Saturday, 21 May 2016

Why The Unthinkable Should Happen Even Less Often Than You Think



At the time of writing we are currently half way through the 2016 FA Cup final - which got me thinking: what a tremendous season the Premier League has been, not just for sport, but also for anyone that is interested in probability and enjoys those startlingly rare and unpredictable outcomes in life. Against all odds (5000/1 at the start of the season) Leicester City have done the unthinkable - they have won the Premier League, finishing ahead of much bigger teams like Man City, Arsenal, Man Utd, Tottenham, Liverpool, and last season's champions Chelsea - all teams with much more money than Leicester and for the most part better players (consider how many Leicester players would get in those teams, and it won't be many).

We mustn't underestimate just how startling this is - it's not just the most shocking upset that's ever happened in the history of football, it's one of the most 'against the odds' things that has ever happened in British history full stop. What compounds the shock factor is that while you expect upsets in cup competitions, the league consists of 38 games where the best team that season has the best chance of being champions.

Perhaps there is another reason, though, why an upset of this magnitude was eventually likely to happen. It's noteworthy to me that there is a marked difference between team sports (like Football and Rugby) and individual sports (like Tennis and Snooker) in terms of how often the superior participants beat the inferior. In team sports the better teams manage to lose against the worse teams much more frequently than in individual sports, where the better players tend to win far more often.

I think I can work out why this is the case; it's almost certainly to do with probability and ratios in relation to consistency. Given that a team's performance depends on multiple players, teamwork, group cohesion, communication, and so forth, it is understandable that their rates of consistency are slightly less reliable than individual performers.

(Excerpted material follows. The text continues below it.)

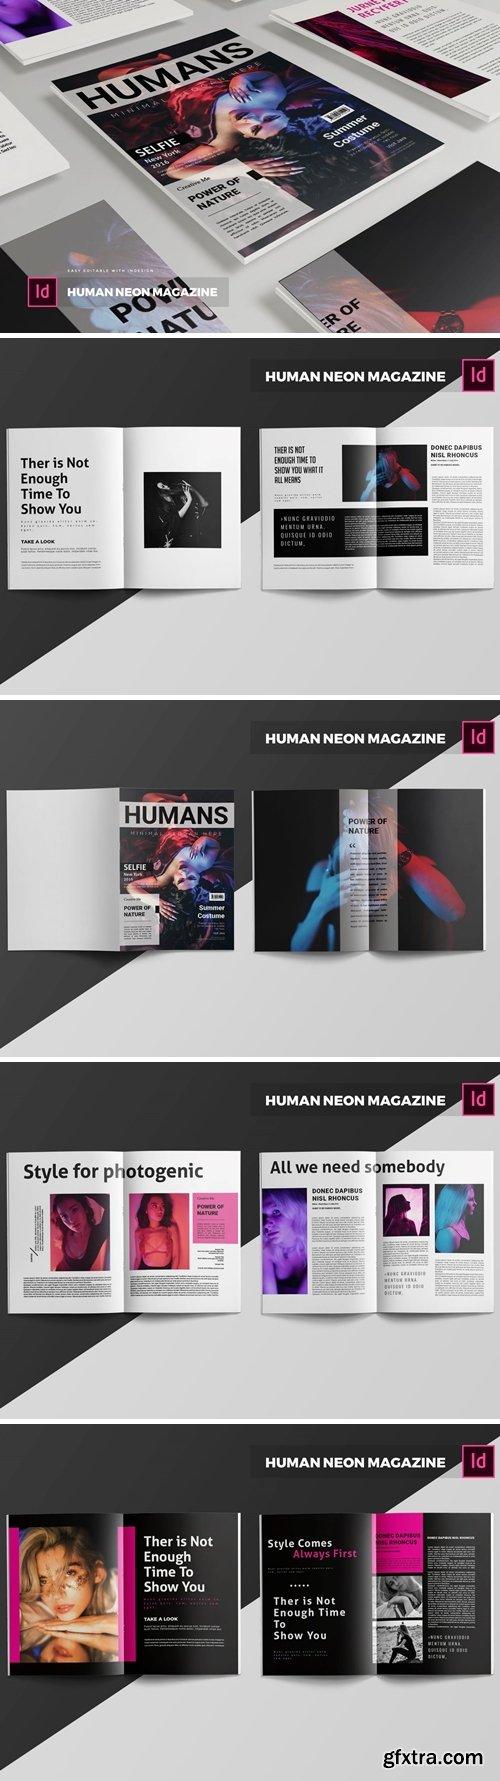 Human Neon   Magazine Template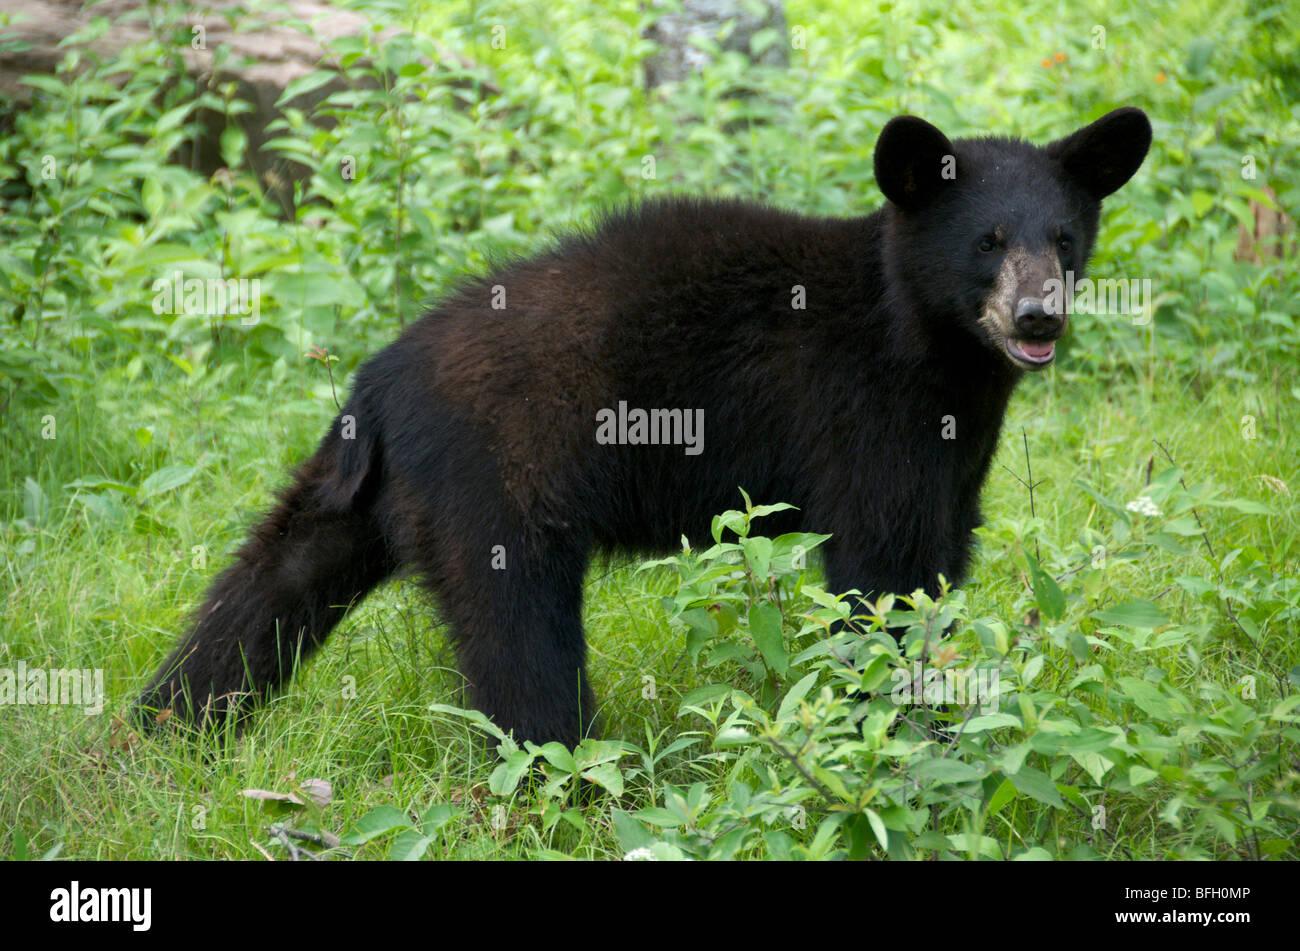 A wild male Black Bear (Ursus americanus) in Sleeping Giant Provincial Park, Ontario, Canada - Stock Image

But in sports with individual participants there is another thing that increases the probability of the best player winning most often, it's to do with numbers, and a little thing called binomial distribution. Consider normal distributions in coin tossing - with a fair coin you expect to win about half the time. In a first to ten competition a fair coin would confer no advantage on either player. But suppose the coin was biased to represent superior ability in an individual sport, let's say tennis. Say you have a 1 in 4 chance of winning a coin toss with a biased coin, what chance would you have of beating your opponent in a first to ten competition? Using combinatorial methods that I won't bore you with, I calculate that your chance of wining a first to ten is less than 1%.

Obviously a competition involving a coin that gives you only a 1 in 4 chance of winning a single toss is going to be a harder competition for you to win the more coin tosses involved. That is, you've got less chance of winning a first to 25 than you have a first to 10. Your best chance of winning would be if the competition was a single coin flip - then you have a 1 in 4 chance. Any increase in coin tosses decreases your chances of winning. In a first to 2 your chances are 1 in 16 (25% x 25%), and in a first to 3 your chances are 1 in 64 (25% x 25% x 25%), and so on.

While sport is not quite the same as coin tossing, the same kinds of principles apply. If you as an amateur were told you had to beat a tennis player, or snooker player, or pool player hugely superior to you in ability, your best chance of beating them would be in a one game competition. The greater the increase in number of games you need to win (first to 3, first 5, etc) the less chance you have of winning, because, fairly obviously, there is more opportunity for the superior player's superior skills to affect the outcome.

What all this shows is that once the numbers are stacked against you (as they are when you play someone at sport who is better than you), those numbers get even more stacked against as the game goes on. For example, let me ask a question and see what your intuition says. Suppose you have a big tennis match against Andy Murray, with a £1 million stake, and suppose you take a magic pill that that makes you good enough to win 40% of the points (in Tennis every game is essentially a first to 4 - that is, 15,30,40, game). What are the chances that you'll win the match (best of 5 sets)  against Murray? 40%? No, way out. 20%?, Nope, still way off. 10%? No. 5%? Still not that close.

Your chance of beating Murray is actually just slightly less than 0.0005% (that's 1/20 of 1%). Think about it, if you are able to win 40% of the points against Murray you would win a game just 26% of the time (that factors in the times you'd need to win the game by 2 clear points). To win a set you'd need to win 6 games, which reduces your chances to just under 5%. As you have to win 3 sets to win the match that's why you have only about a one twentieth of 1% chance of beating Murray in a match.

Given the foregoing, and that such narrow probabilities should, on paper, apply to a team like Leicester City too, it is all the more remarkable that they went on to win the Premier League. Enjoy it while it last though, for I doubt anything this remarkable will happen again for a very long time.